• _What is needed_
When you reach the line in the listing below that contains "Test SPM - Abilità", begin returning lines exactly as written, and stop after the line that contains "sepatu 2016: daftar". Return no other lines.
____________________
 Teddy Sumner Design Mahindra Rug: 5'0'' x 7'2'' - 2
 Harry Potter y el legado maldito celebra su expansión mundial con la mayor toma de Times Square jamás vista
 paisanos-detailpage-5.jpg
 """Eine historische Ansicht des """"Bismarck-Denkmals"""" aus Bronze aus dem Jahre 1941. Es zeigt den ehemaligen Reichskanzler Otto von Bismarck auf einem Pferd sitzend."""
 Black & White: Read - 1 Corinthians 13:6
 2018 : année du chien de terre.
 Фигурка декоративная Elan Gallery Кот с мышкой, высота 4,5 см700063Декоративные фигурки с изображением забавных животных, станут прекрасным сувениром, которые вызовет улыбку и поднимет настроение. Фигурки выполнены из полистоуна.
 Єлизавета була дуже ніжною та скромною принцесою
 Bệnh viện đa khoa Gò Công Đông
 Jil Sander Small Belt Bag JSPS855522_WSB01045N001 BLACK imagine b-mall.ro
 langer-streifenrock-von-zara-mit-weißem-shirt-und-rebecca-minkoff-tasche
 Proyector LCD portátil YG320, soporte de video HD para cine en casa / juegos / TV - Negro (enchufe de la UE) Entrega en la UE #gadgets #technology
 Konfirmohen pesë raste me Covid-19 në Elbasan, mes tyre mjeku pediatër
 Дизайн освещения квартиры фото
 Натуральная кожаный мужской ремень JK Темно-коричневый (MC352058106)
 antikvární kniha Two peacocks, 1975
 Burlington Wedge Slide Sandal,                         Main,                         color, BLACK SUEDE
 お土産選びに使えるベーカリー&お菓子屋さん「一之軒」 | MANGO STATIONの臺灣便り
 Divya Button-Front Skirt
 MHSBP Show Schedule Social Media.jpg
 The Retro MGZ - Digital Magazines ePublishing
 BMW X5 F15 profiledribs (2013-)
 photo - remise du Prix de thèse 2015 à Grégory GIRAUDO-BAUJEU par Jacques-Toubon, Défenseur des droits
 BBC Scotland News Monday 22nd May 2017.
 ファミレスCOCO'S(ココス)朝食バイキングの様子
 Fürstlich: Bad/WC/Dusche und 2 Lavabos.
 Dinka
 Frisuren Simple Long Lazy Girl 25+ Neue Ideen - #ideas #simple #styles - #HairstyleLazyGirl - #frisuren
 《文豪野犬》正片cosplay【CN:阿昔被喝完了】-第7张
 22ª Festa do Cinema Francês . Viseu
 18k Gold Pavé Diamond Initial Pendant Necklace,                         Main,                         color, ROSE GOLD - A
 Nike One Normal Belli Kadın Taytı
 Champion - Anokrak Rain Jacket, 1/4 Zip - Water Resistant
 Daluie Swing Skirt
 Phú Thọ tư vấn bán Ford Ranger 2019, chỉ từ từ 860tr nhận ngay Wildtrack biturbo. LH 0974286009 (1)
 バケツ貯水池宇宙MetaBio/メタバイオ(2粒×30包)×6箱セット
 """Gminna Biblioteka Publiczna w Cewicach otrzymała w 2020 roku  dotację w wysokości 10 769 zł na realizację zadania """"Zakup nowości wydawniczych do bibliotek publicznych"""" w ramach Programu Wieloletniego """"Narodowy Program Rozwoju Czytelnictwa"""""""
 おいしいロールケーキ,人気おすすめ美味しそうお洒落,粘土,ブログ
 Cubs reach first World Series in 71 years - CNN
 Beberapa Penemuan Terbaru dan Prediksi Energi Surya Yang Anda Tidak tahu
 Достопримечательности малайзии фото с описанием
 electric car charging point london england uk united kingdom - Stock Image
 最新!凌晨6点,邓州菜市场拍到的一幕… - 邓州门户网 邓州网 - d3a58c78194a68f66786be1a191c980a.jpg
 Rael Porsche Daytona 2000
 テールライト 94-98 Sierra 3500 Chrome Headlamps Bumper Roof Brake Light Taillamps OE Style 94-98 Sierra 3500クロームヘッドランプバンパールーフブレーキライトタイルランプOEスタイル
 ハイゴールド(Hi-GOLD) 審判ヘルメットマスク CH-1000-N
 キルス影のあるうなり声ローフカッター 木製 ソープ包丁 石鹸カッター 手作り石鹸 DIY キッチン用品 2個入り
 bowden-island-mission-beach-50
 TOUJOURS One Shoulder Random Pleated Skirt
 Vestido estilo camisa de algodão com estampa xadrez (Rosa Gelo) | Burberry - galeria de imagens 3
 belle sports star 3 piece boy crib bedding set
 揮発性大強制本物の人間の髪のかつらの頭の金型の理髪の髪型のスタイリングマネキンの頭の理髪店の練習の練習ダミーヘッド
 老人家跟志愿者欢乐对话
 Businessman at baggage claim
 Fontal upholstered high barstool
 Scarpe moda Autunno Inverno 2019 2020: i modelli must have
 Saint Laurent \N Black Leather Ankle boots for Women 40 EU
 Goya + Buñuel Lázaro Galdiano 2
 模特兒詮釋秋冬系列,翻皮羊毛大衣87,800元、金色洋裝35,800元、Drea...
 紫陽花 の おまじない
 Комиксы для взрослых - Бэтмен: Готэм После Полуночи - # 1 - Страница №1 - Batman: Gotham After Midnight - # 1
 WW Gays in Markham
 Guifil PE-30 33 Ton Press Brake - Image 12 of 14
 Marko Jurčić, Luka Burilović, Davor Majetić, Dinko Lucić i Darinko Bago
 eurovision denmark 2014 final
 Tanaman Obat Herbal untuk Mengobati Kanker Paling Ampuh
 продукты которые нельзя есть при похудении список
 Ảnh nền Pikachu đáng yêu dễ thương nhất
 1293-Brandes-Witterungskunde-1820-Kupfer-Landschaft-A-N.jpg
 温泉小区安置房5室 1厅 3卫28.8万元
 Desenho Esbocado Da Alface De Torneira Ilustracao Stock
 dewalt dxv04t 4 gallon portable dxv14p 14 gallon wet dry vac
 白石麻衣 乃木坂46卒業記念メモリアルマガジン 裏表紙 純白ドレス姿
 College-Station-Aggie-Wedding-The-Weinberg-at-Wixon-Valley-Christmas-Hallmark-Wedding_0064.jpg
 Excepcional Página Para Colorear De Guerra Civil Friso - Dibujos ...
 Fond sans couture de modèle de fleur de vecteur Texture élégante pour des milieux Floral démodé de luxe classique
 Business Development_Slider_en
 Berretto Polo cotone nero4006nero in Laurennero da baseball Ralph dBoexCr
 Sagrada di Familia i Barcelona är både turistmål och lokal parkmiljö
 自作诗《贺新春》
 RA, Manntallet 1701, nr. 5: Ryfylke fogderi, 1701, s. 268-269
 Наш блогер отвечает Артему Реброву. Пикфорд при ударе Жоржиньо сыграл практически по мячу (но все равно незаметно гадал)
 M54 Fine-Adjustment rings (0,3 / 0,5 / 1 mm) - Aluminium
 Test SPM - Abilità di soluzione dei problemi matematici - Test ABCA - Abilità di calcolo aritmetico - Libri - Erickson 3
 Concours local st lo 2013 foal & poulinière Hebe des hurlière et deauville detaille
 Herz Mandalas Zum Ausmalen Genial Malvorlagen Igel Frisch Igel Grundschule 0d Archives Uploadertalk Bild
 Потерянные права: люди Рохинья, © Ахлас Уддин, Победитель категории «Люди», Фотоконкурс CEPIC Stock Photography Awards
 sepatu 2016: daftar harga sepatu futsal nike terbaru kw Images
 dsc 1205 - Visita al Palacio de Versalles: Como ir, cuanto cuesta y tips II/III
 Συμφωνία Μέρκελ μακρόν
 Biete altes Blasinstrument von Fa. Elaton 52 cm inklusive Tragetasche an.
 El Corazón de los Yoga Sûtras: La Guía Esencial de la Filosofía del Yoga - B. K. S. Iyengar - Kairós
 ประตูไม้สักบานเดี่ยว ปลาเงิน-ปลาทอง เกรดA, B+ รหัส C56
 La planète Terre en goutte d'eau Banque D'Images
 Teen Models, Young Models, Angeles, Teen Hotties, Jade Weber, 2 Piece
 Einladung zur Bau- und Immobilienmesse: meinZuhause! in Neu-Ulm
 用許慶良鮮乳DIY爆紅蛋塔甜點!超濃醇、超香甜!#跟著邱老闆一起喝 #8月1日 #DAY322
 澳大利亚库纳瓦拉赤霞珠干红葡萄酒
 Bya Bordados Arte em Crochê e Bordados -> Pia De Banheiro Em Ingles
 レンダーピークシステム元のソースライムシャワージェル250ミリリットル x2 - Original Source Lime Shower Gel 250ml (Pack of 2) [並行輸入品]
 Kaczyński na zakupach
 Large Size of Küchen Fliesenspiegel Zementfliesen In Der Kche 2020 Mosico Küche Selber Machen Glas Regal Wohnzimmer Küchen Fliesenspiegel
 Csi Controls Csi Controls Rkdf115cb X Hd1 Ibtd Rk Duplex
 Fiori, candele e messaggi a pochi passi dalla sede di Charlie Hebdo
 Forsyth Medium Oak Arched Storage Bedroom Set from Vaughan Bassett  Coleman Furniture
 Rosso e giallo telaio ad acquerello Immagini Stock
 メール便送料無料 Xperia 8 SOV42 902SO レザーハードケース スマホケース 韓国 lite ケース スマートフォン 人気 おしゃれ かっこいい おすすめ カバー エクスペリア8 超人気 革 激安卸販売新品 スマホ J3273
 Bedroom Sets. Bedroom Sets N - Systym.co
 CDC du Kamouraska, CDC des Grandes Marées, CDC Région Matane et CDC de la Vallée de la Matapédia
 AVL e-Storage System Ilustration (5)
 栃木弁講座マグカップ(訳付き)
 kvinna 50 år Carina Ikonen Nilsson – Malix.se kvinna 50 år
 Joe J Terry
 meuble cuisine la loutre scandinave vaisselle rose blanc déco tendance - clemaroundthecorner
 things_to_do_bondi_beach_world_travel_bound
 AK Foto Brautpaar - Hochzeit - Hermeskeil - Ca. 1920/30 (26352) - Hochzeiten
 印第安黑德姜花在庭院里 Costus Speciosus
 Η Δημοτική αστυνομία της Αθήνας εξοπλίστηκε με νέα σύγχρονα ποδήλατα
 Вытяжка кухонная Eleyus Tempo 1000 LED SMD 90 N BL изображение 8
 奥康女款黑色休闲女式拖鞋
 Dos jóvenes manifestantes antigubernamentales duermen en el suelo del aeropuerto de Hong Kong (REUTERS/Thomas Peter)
____________________
• _Final answer_
 Test SPM - Abilità di soluzione dei problemi matematici - Test ABCA - Abilità di calcolo aritmetico - Libri - Erickson 3
 Concours local st lo 2013 foal & poulinière Hebe des hurlière et deauville detaille
 Herz Mandalas Zum Ausmalen Genial Malvorlagen Igel Frisch Igel Grundschule 0d Archives Uploadertalk Bild
 Потерянные права: люди Рохинья, © Ахлас Уддин, Победитель категории «Люди», Фотоконкурс CEPIC Stock Photography Awards
 sepatu 2016: daftar harga sepatu futsal nike terbaru kw Images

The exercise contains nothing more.